Soya appeared to come to some private decision. She reached around her neck, undid a hidden fastening and lifted away one of the wooden charms. ‘This is yours now, Sunday. My father gave it to me. It used to belong to Eunice. It was a gift from her mother, Soya. Soya told her it was old, even then. I think it goes back a long way.’

‘I can’t.’

‘You will.’ Soya peeled apart Sunday’s fingers and forced the charm into her palm. ‘You have no say in this. No one ever does.’

Sunday stared down at the gift. Fastened onto a simple leather strand was a circular talisman, enclosing a more complex form that had been engraved and stained with fine geometric patterning. She allowed her fingers to curl around it, imagining her grandmother echoing the gesture, and Eunice’s mother before her, a lineage of closing hands, bound in this moment as if time itself was membrane-thin, easily breached.

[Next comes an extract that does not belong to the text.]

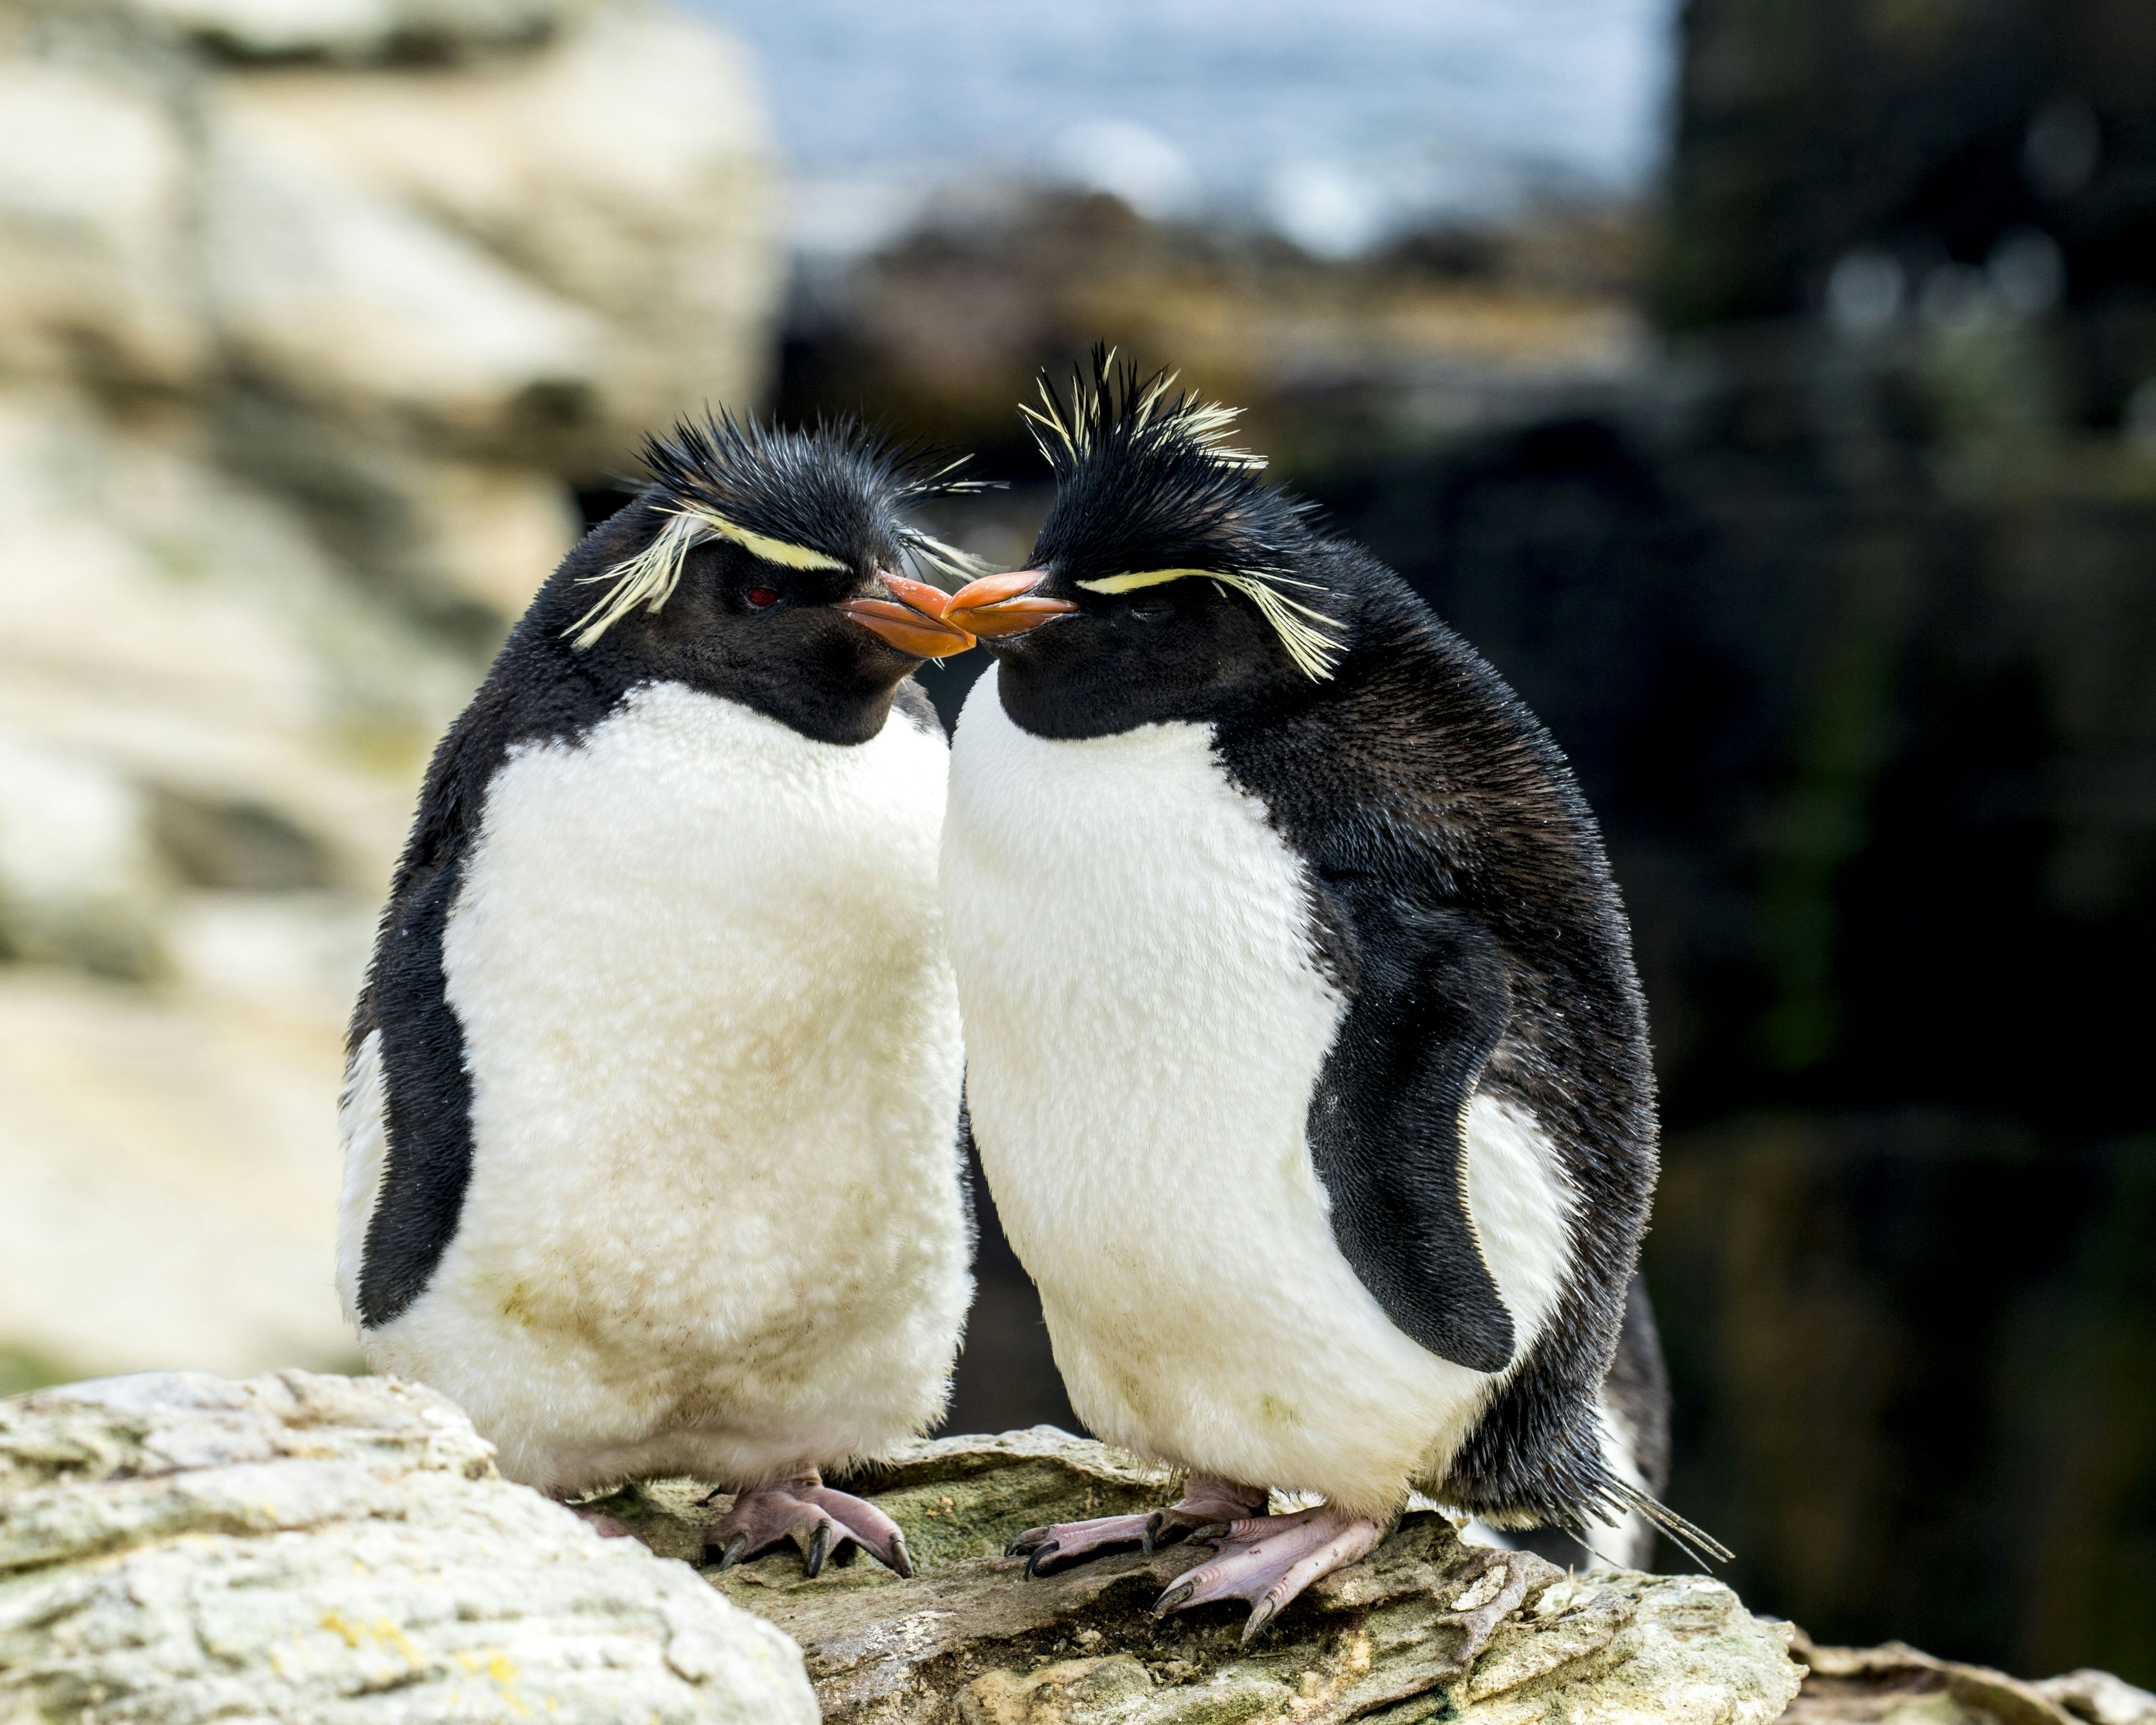 Two macaroni penguins with yellow hair huddle together

‘Thank you,’ she said softly.

Jitendra was coming back with a tray and three steaming mugs of coffee. Sunday was debating whether or not to show him the gift – wondering if it ought to remain a secret, between her and Soya – when without warning a proxy arrived and took his seat.

It was not a golem; this was a purely mechanical-looking thing, shaped like an improbably skinny suit of armour, all silvers and chromes and burnished blues. It had a minimalist face: a slit of a mouth, two round eyes like double craters.

‘We need to talk,’ the proxy said.

Sunday slipped the talisman into her pocket for safekeeping. She recognised the voice, but requested an aug tag to be on the safe side. ‘Lucas,’ she said, with icy politeness. ‘Fancy seeing you here. The last thing I remember is my boot crushing your face. Didn’t you get the message?’